CaptureIncreasing income inequality is a pernicious social condition and has lots of unpleasant consequences.  A new study of U.S. counties has shown that there is a strong correlation between more inequality in a particular geographical area and shorter average live spans.  It is quite reasonable to expect that higher-income people will be more health conscious than lower- income people. Excessive inequality is bad for lots of reasons.
The question is what we can do about it.  Here are two good ways to address it:

  • Faster economic growth would help a lot. The American Enterprise Institute’s Michael Strain has recently proposed a fairly modest plan for increasing employment by cutting tax deductions for the wealthy, increasing the Earned Income Tax Credit for the poor and at the same time decreasing deficit spending. I have made a more substantial proposal along the same lines.
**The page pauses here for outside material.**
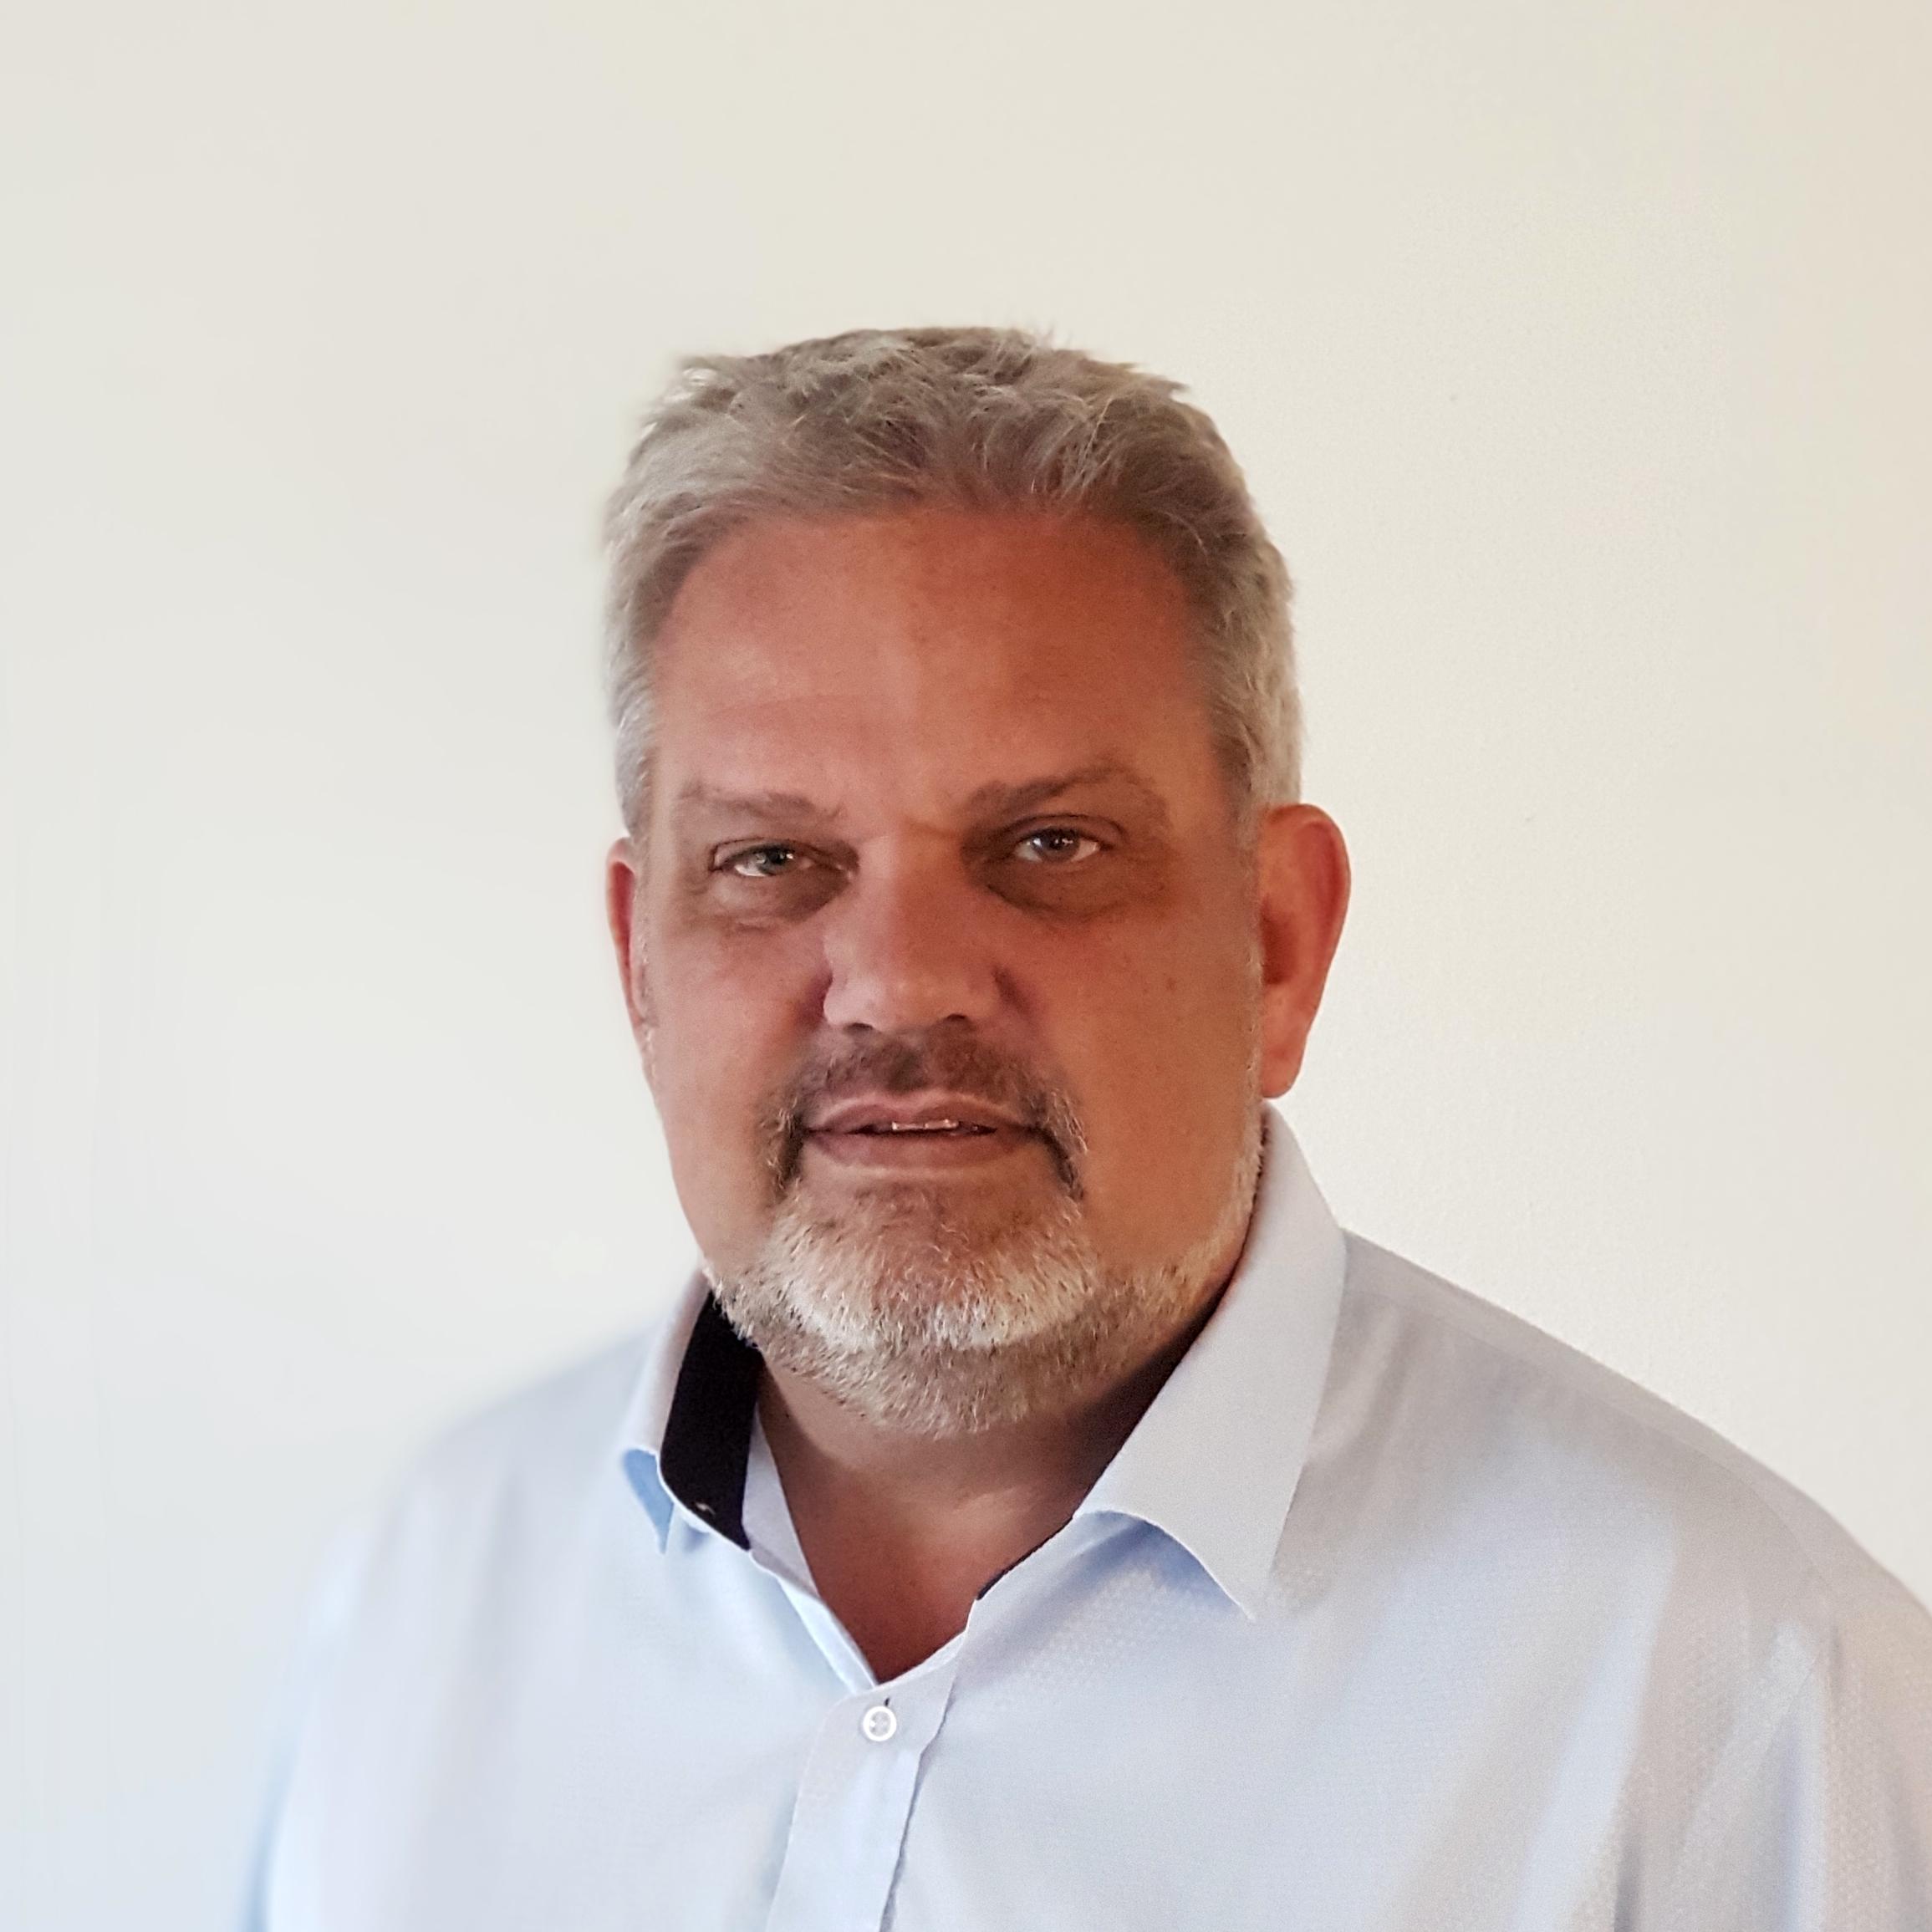 Henrik Rochat Rasmussen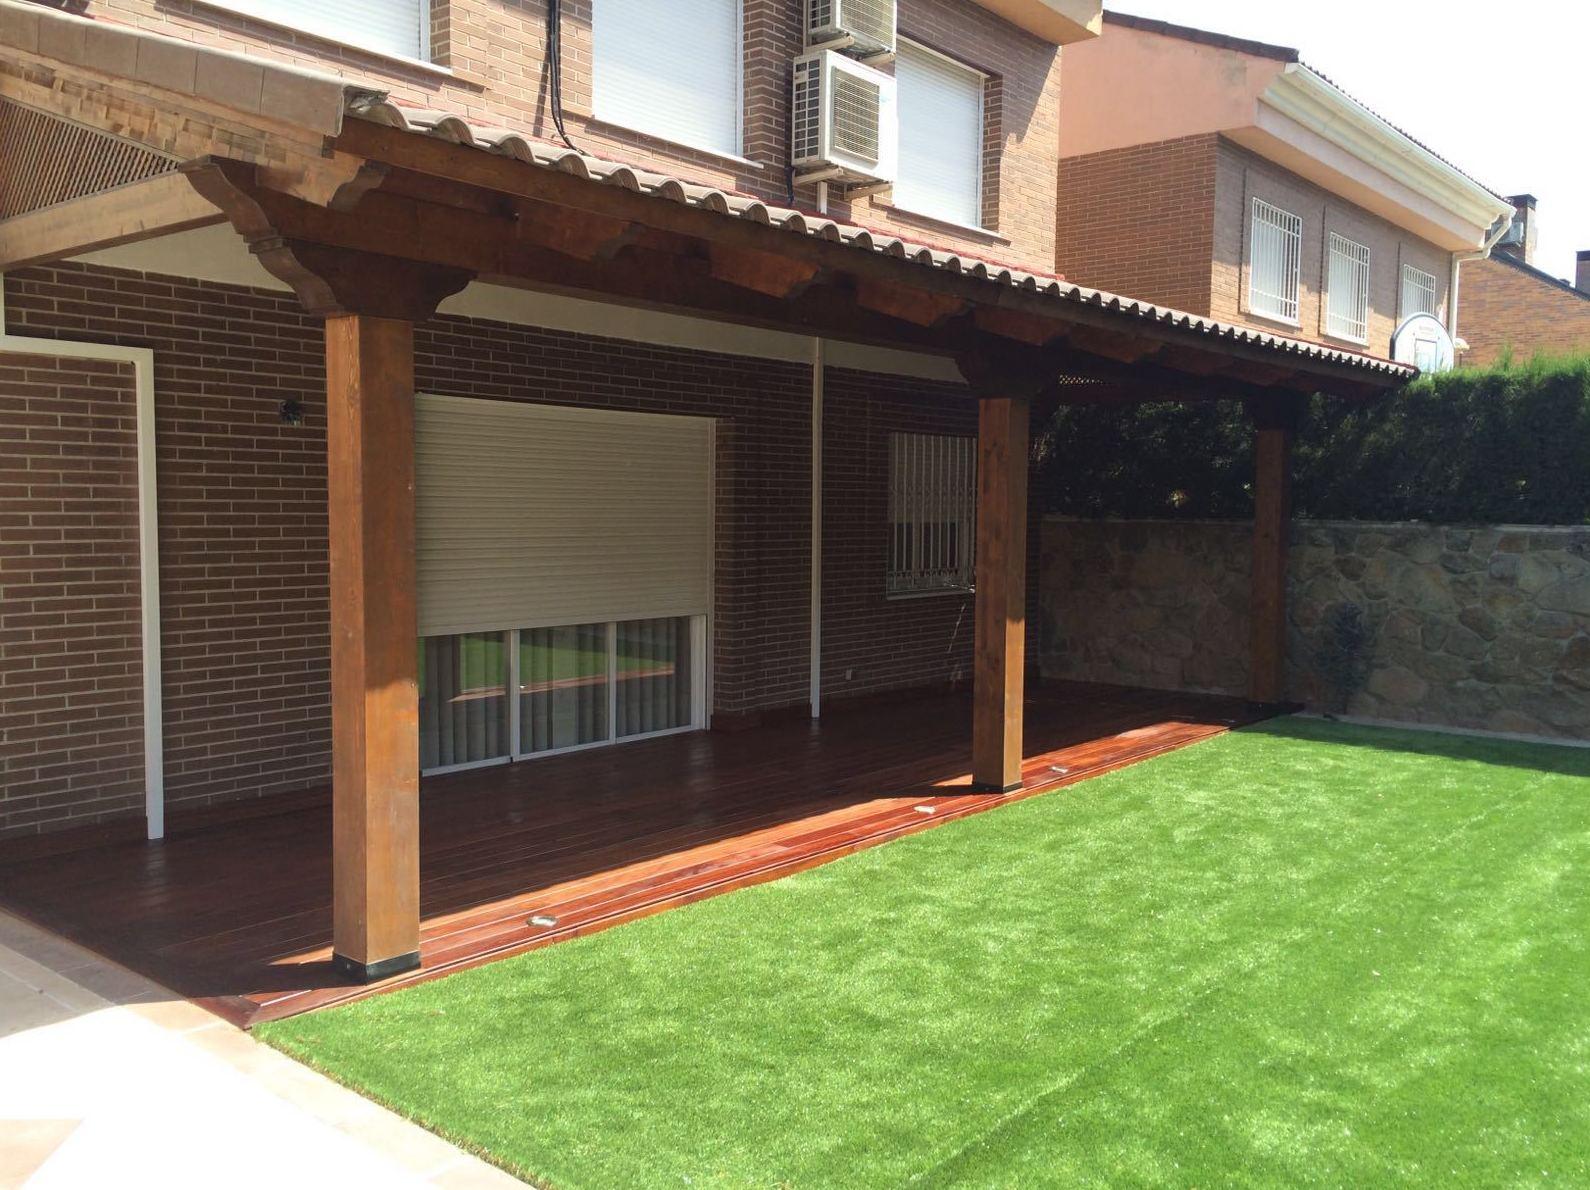 Estructuras de madera para terrazas porche las coberturas mas livianas y funcionales para - Estructuras de madera para terrazas ...

  • Boost educational performance across the board. College-ready middle class kids will take care of themselves so the emphasis should be on the 70% of young adults who will not go to a four year college. There are lots of good jobs available for the highly skilled and so we need more career education in high school. We also need more early childhood education to prepare kids from low-income families to get off to a good start in elementary school.

Increasing economic growth and expanding educational opportunities for the non-college bound will require little, if any, new federal spending.  Such policies as above are simply common sense ways to reduce income inequality and achieve a more inclusive society.